Some experimentation could verify how CUDA GPUs stripe blocks across available multiprocessors but this could never be relied upon.

The O.P.'s question is sort of asking if “device fission” is supported. It’s not (yet!). That’s a feature that’s typically only supported by OpenCL runtimes.

Robert_Crovella · August 30, 2016, 1:16am

Yes, I am pretty much interpreting this as a device fission question. I may be misinterpreting it.

A strategy (however it comes about) that only launches one block per SM may not be taking full advantage of the machine, i.e. exposing enough parallelism.

The two most important priorities for a GPU programmer are to effectively expose “enough” parallelism to saturate the machine, and to make effective use of the memory subsystem(s).

One measure of exposed parallelism is the number of active threads or warps that are resident on an SM. For many GPUs this has a maximum limit of 2048 threads (or 64 warps) and you cannot achieve this with a single threadblock.

No I am not saying grid stride loops are inefficient. The previous concept I was discussing (optimization/exposed parallelism) really has nothing to do with grid-stride loops. I can write a grid stride loop that uses 100,000 threads (probably exposing enough parallelism), and I can write a grid stride loop of exactly 1 thread (definitely not enough parallelism).

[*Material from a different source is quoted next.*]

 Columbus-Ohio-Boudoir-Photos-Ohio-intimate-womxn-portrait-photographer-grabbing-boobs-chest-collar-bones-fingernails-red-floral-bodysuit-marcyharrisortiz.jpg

These concepts are approximately orthogonal.

pszilard · August 30, 2016, 2:51pm

Good points there! I’d like to add that one significant thing is that in many application it is (and will be increasingly) a serious issue that not all tasks have enough parallelism for a 20-30 SM GPUs. However, even if the CPU would be perfectly capable to do the task, in order to optimize data locality, small kernels need to be executed inefficiently on the GPU. This will cause a number of issues ranging from delaying the critical path to preempting other kernels to simply executing at a very low parallel efficiency wrt running e.g. on a few SMs.

Therefore, I would very much like to see at least some simple ways to do “device fission” (e.g. assign streams to a set of SMs for exclusive or conditionally exclusive scheduling). While engineers from NVIDIA have previously acknowledged these issues, I have not received much feedback whether partitioning SMs is something that’s even considered at all.

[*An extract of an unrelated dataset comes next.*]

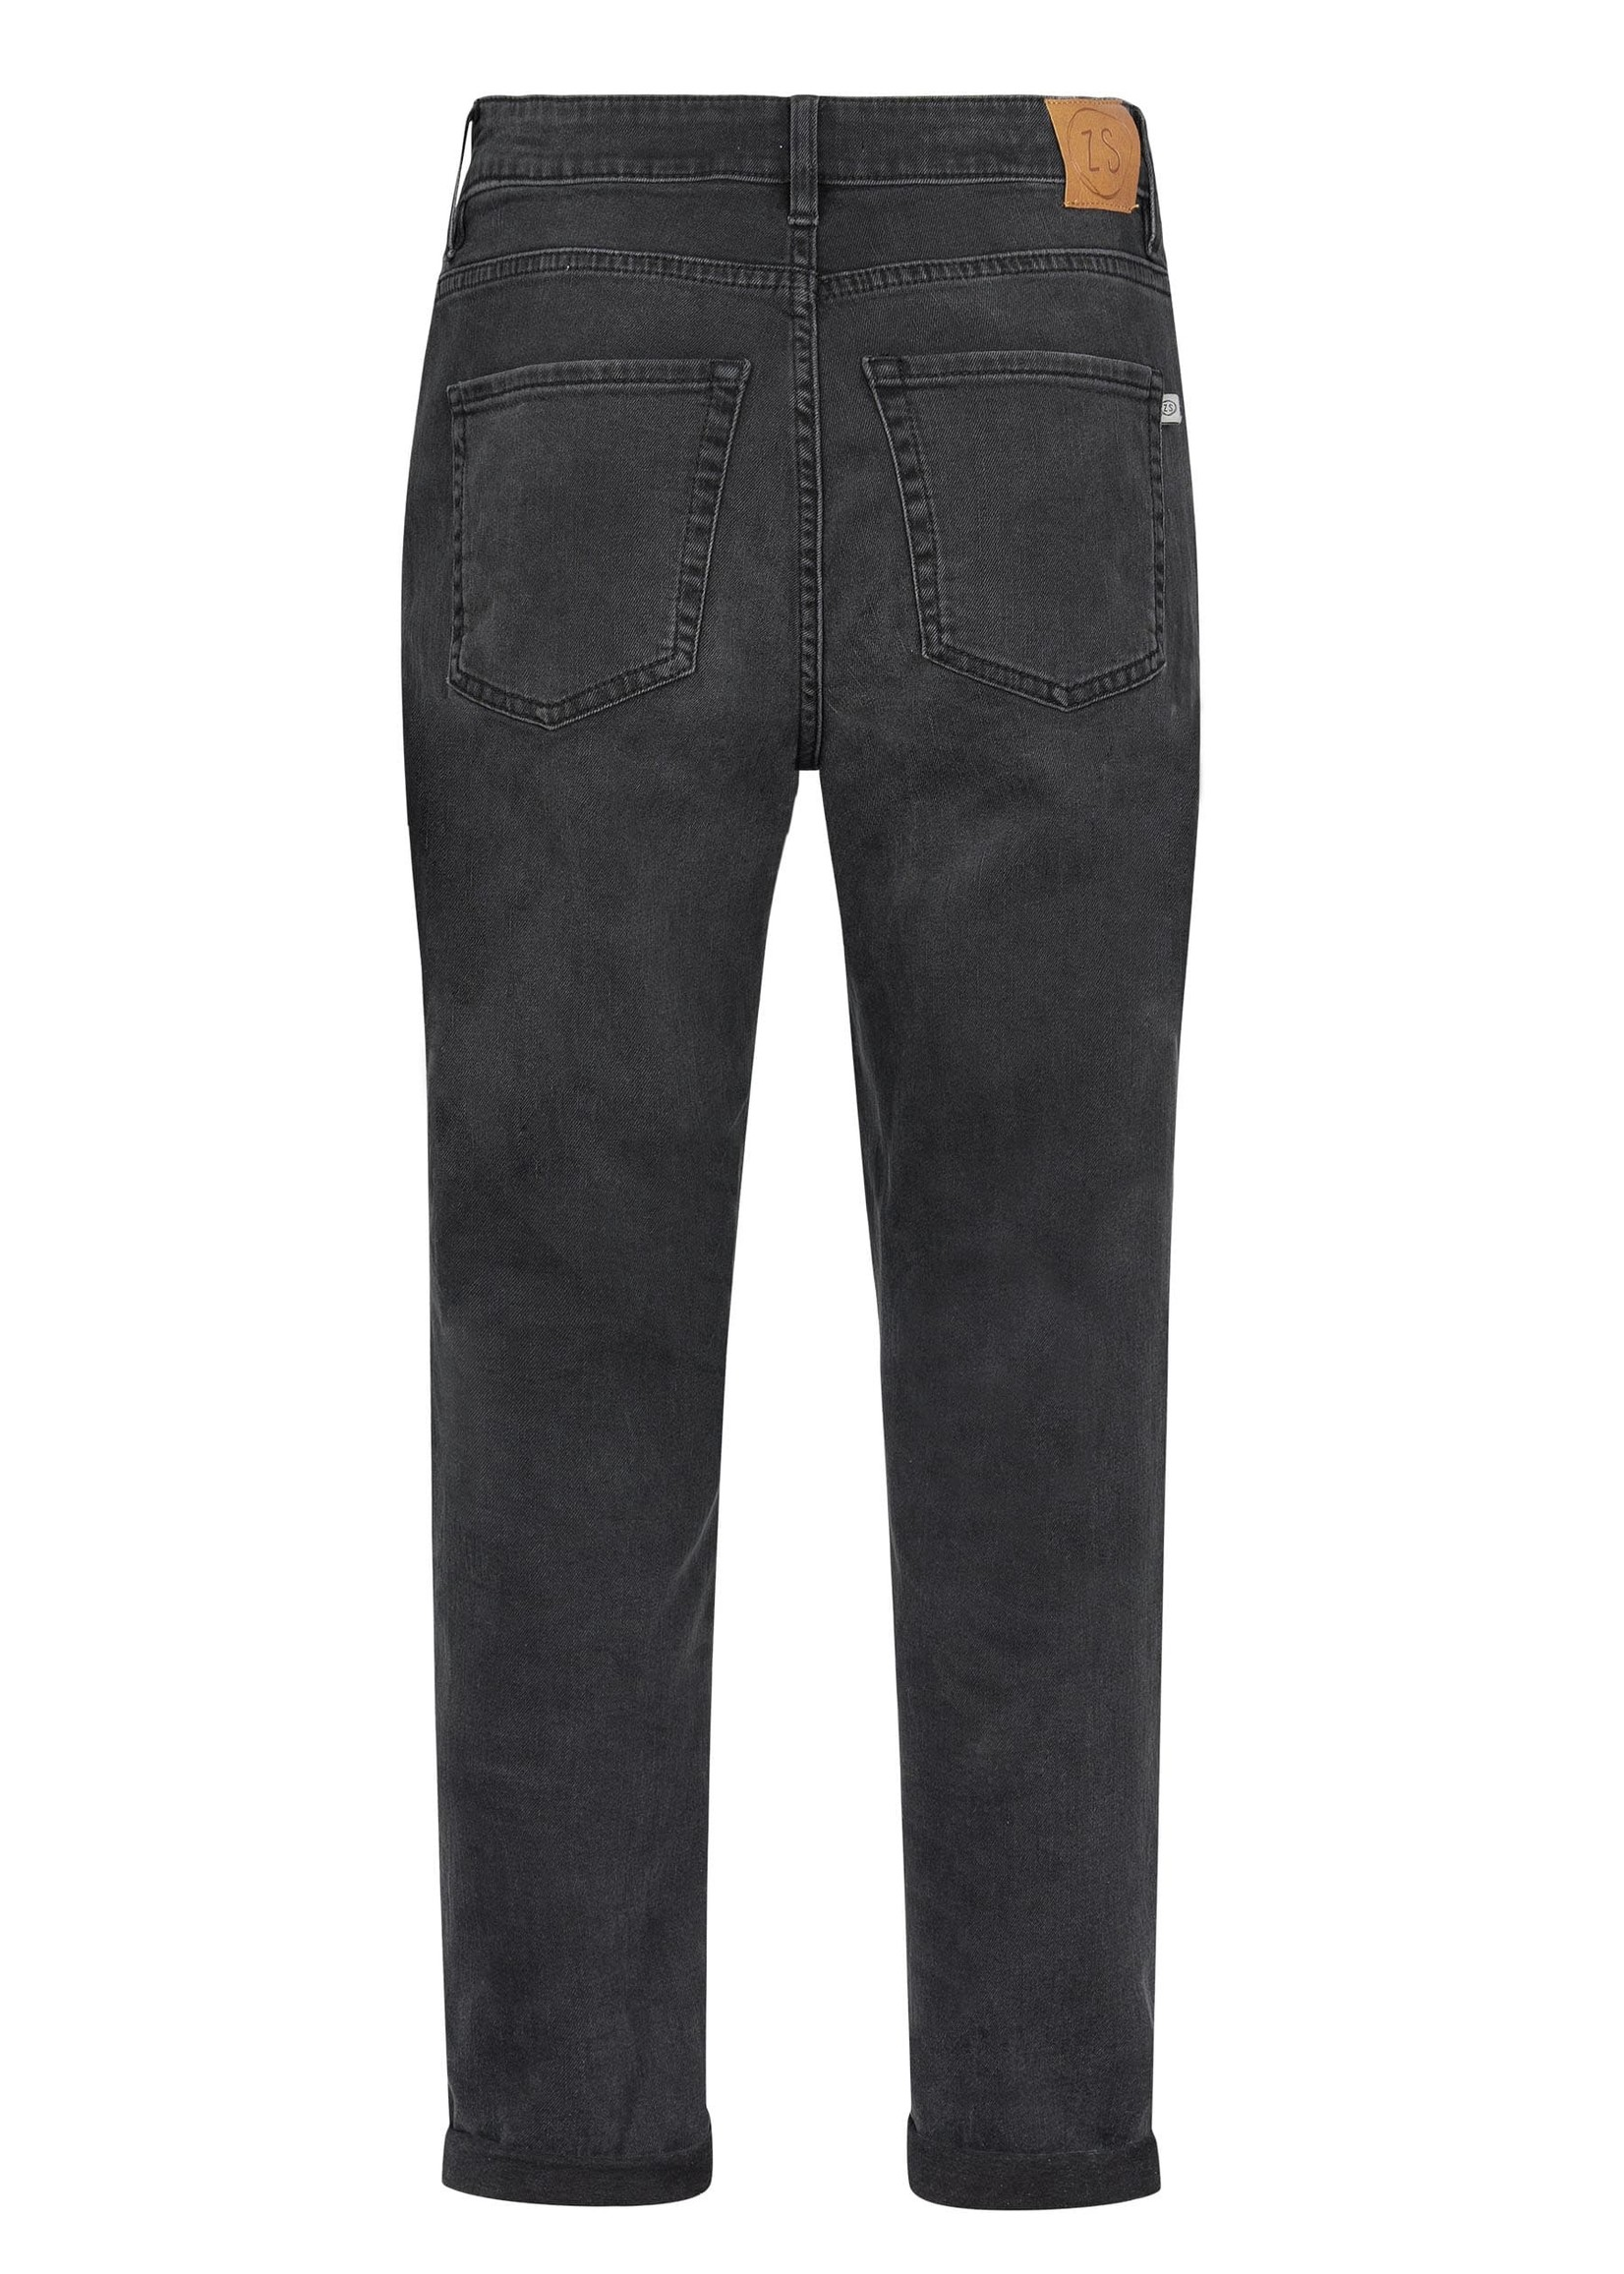 ZUSSS mom jeans off black

Robert_Crovella · August 30, 2016, 3:03pm

I’m sure there are improvements that can address various use cases. I think using todays technology the idea would be to try and address the use case with

concurrent kernels
streams
stream priorities

MutantJohn · August 30, 2016, 3:09pm

Well, I’m glad to get some clarity! You scared me for a second, ha ha. But I wouldn’t say they’re 100% orthogonal concepts. If anything, that dot product is at least half of the product of the magnitude of the respective vectors :P

pszilard · August 30, 2016, 3:15pm

@txbob: I see no way to address the issue I raised without being able to control the scheduling and “width” of concurrent kernels. Additionally, it turns out that priorities can be nightmare when optimizing for the critical path (e.g. sequence of short kernels in a high-prio stream keep “loosing” the GPU to a long-running kernel in the low-prio stream). Am I missing something?

Robert_Crovella · August 30, 2016, 3:29pm

I don’t think you’re missing anything. I mentioned already that “I’m sure there are improvements that can address various use cases.” Today’s technology does not address all possible scenarios.

Without other descriptions or considerations, I think the general approach to handling small kernels would be to suggest the use of concurrency.

For the case of long running kernels intermixed with higher priority kernels, stream priorities (today) only impact scheduling priority at the threadblock launch level. For a “low priority” kernel whose threadblocks execute for a relatively long period of time, the stream priority system breaks down. The low priority threadblocks can occupy an SM and prevent launch of higher priority threadblocks.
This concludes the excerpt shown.